They can survive deadly radiation, arctic temperatures, the vacuum of space, and even bullet impacts. You can find them anywhere there’s water—in the ocean, freshwater, and plants and soil. But the evolutionary roots of these microscopic, mostly aquatic creatures called tardigrades have been mysterious because of their sparse fossil record.
Now, a reanalysis of two tardigrade fossils embedded in the same lentil-size chunk of Cretaceous amber has illuminated the tiny creatures’ family tree. The findings, which researchers report this week in Communications Biology, also suggest that by 180 million years ago, the animals had evolved their superpower: the ability to enter a state of suspended animation impervious to outside conditions.
Tardigrade fossils “are very, very few, and very rare,” says zoologist Roberto Guidetti of the University of Modena and Reggio Emilia, who was not involved with the study. In fact, there have only been three widely accepted fossils in total, all trapped in amber. Guidetti says the new results on two of them reveal how little the animals have changed over millions of years.
Tardigrades, colloquially known as “water bears,” are a diverse group of eight-legged invertebrates that can be up to half a millimeter in length. “They look like tiny sausages with legs,” says Javier Ortega Hernández, a paleobiologist at Harvard University’s Museum of Comparative Zoology. Tardigrades have captivated the popular imagination in part because they can nearly halt their metabolism for long periods—a feat known as cryptobiosis—to endure hellish conditions.
Although researchers have studied living water bears for decades, in the 1960s, biologist Kenneth Cooper used a light microscope to describe and name the first-ever fossilized tardigrade, which was embedded in an amber pebble from Canada dating to about 80 million years ago during the Cretaceous period. Cooper named the critter Beorn leggi, after a fantasy character invented by J. R. R. Tolkien that could assume a bearlike form. Cooper concluded B. leggi belonged to the eutardigrades—a branch of tardigrades that mostly lives in freshwater and terrestrial environments—but couldn’t see the fossil clearly enough to describe it in detail. The same piece of amber held a second tardigrade that was too “curled on itself and shriveled” for Cooper to describe; it remained unnamed. Until now.
Ortega Hernández and graduate student Marc Mapalo reexamined the amber using laser confocal microscopy, a method that allows researchers to study the 3D structure of tiny structures in stunning detail using a narrow beam of light at a specific wavelength. When hit by a laser, the chitin that makes up the protective cuticle of tardigrades fluoresces naturally. By measuring the fluorescence the researchers reconstructed 3D images of the tardigrades, including details of their fishhooklike claws, which scientists use to differentiate species.
The images have by far the greatest resolution ever obtained for tardigrade fossils, Ortega Hernández says. The images of B. leggi—which measures 310 microns, or about double the width of a human hair—show seven well-preserved claws. The claws that curve toward the body are smaller than those curving away from it, a pattern found in the modern-day Hypsibiidae family of tardigrades. That confirms its place in the eutardigrade branch, the team concludes.
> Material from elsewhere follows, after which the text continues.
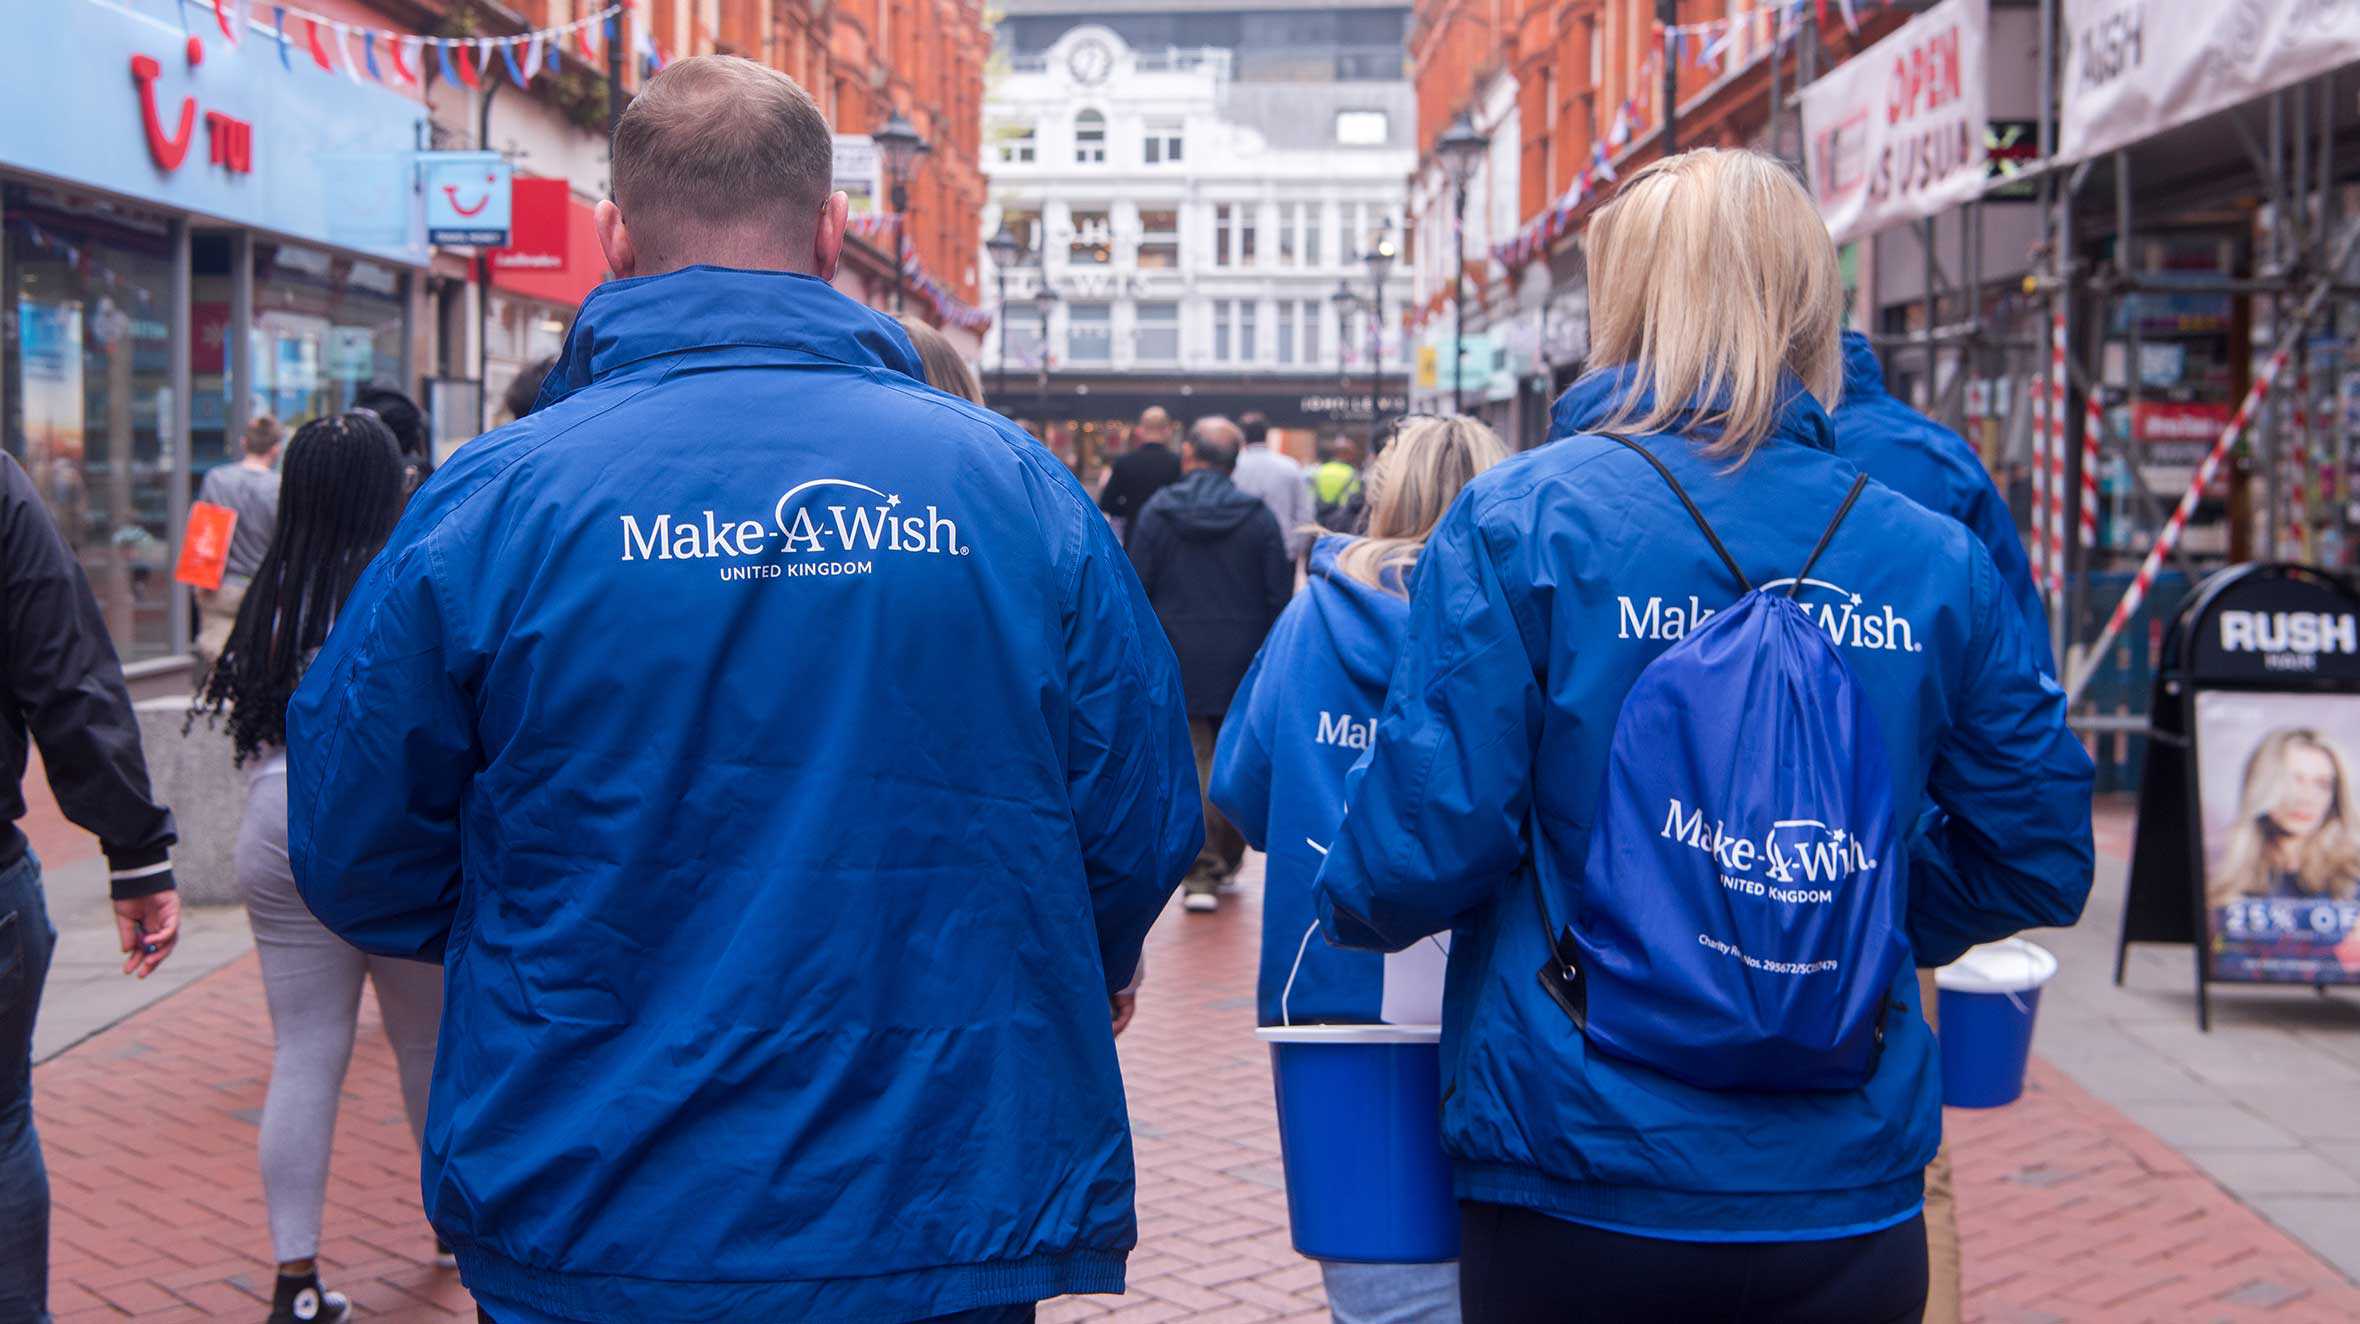 Rear view of Make-A-Wish Team members fundraising on the streets of Reading.

The second, previously unidentified specimen, which measured about 100 microns, had claws of similar length on each of its first three pairs of legs, but longer outer claws on its fourth set of legs. This pattern is also characteristic of the modern Hypsibioidea superfamily. The team named it Aerobius dactylus, from “aero” meaning relating to air, because the fossil appears to be floating on air in the amber, and “dactylo,” or finger, after its long claw.
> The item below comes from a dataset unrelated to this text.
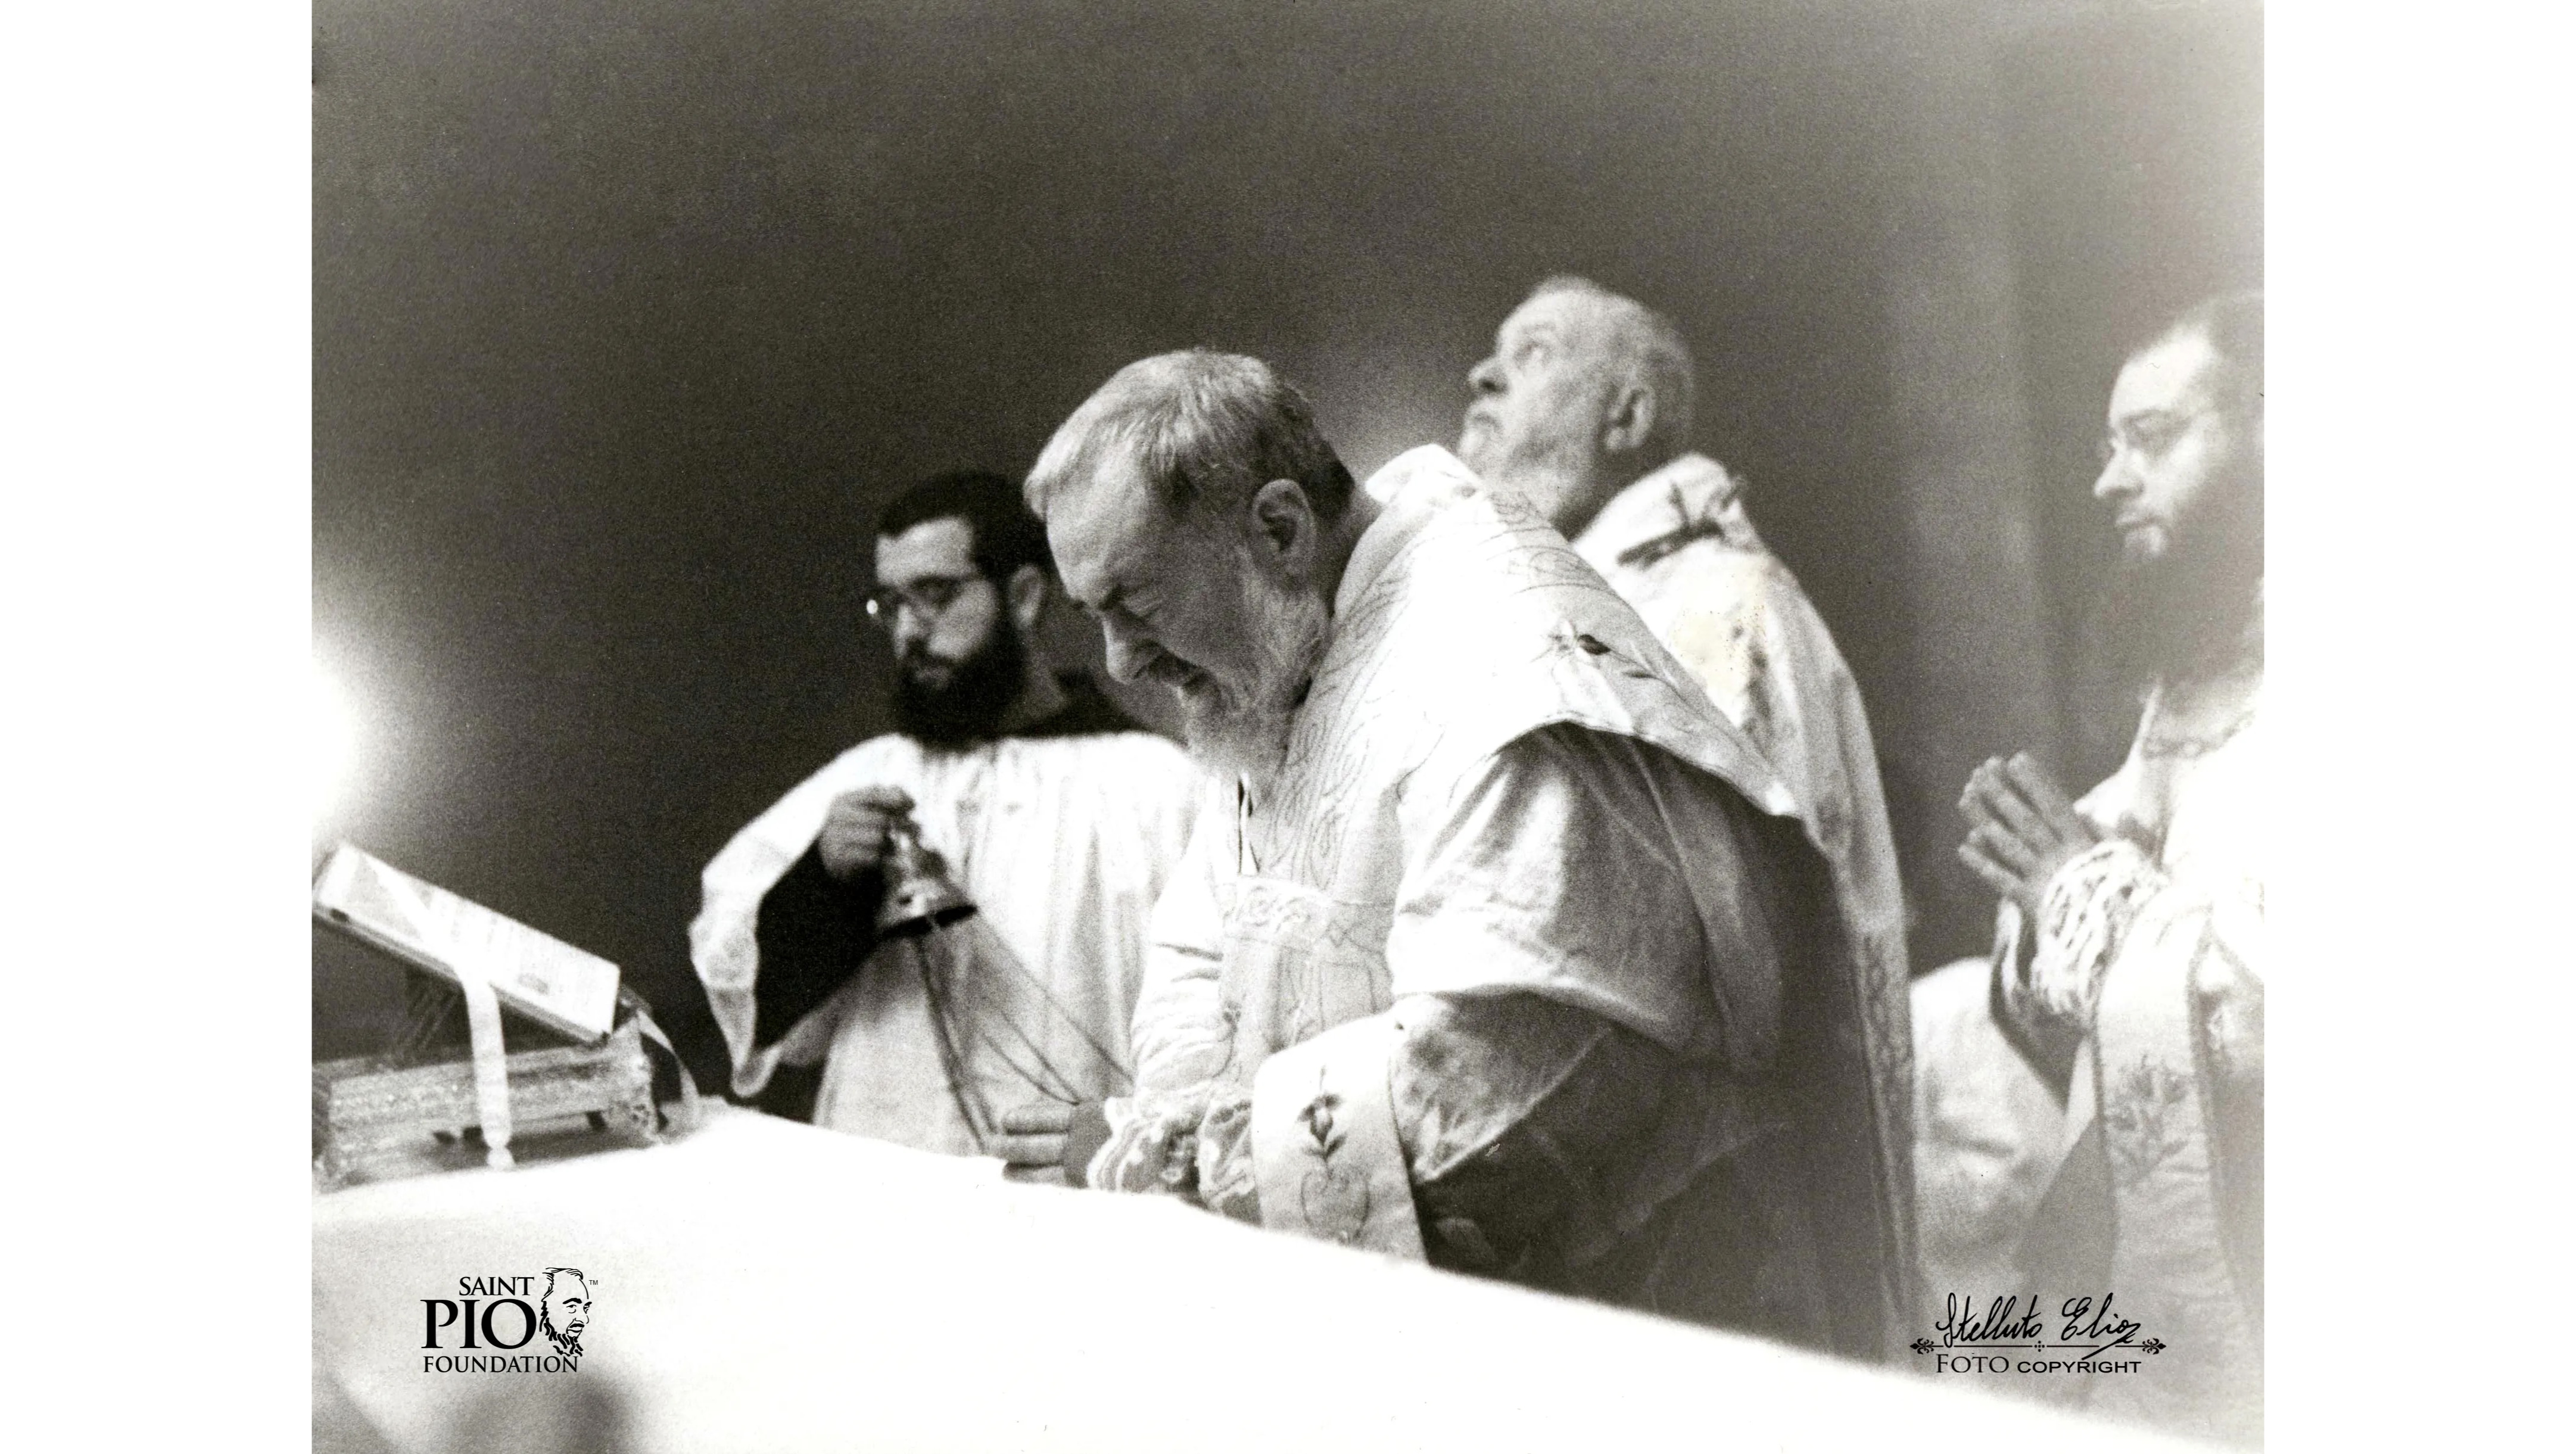 Black and white photo of Padre Pio celebrating Mass, taken by Elia Stelluto, published by the Saint Pio Foundation

“[The amber piece] is a tiny little thing and has two species—half the tardigrade fossil record,” Ortega Hernández says. It’s a “two-for-one, like Black Friday for tardigrades.” That suggests tardigrades were already diverse 80 million years ago, he says, adding that “these animals were definitely hanging out with dinosaurs.”
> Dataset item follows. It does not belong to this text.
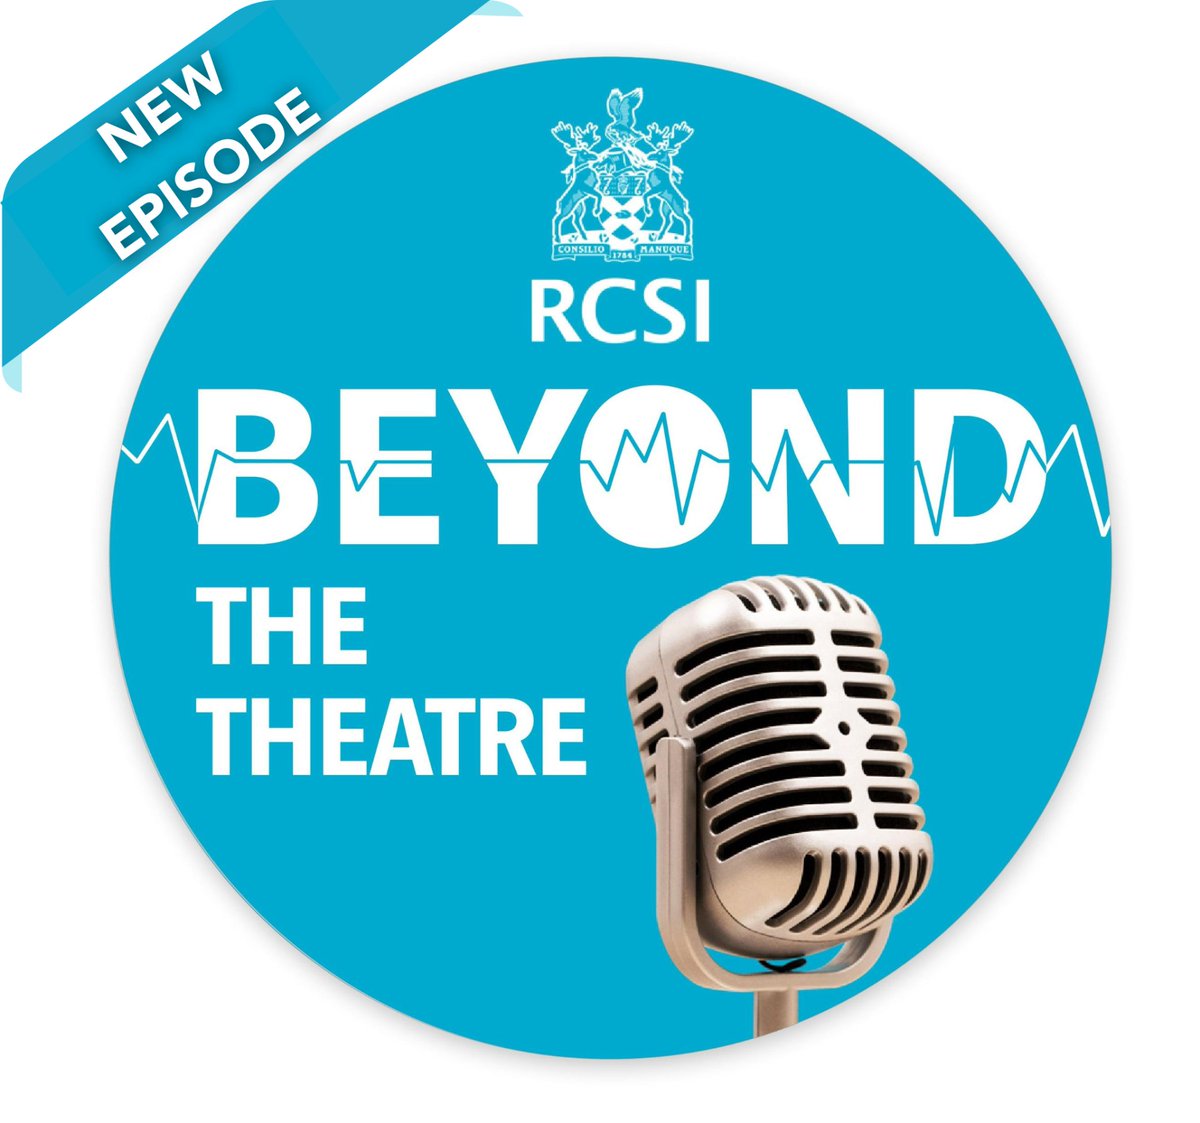 Beyond the Theatre episode 2 with Jack Kavanagh This podcast examines the importance of self-care resilience & examines how doctors can provide support for those with life changing injuries. msurgery.ie/home/beyond-th…

Even though the two species belong to the same family within eutardigrades, their age helps scientists readjust the timing of when various tardigrade groups evolved key traits and diverged over time. For example, it suggests the split between the terrestrial eutardigrades and the more diverse and marine heterotardigrades, the other major group, happened later than previously thought, about 500 million years ago.
Researchers had previously suggested cryptobiosis evolved independently in the two tardigrade lineages, but couldn’t figure out when this happened. With the recalibrated family tree, Ortega Hernández and his team estimate, for the first time, that water bears’ superpowers had certainly evolved by 180 million years ago and may have appeared as early as 420 million years ago. They add that these powers may have helped tardigrades survive several waves of extinction.
Guidetti says the revised evolutionary timelines are “quite substantial, and sound quite reliable.” He hopes researchers scour amber for more specimens, which could offer answers to other questions such as why tardigrades gradually shrank in size over time.
Ortega Hernández agrees. “We have to be very diligent in looking at the right places,” he says. “They’re really small and cute, [but] … inconsequential as they may seem, they are one of the great stories of animal survival in the planet.”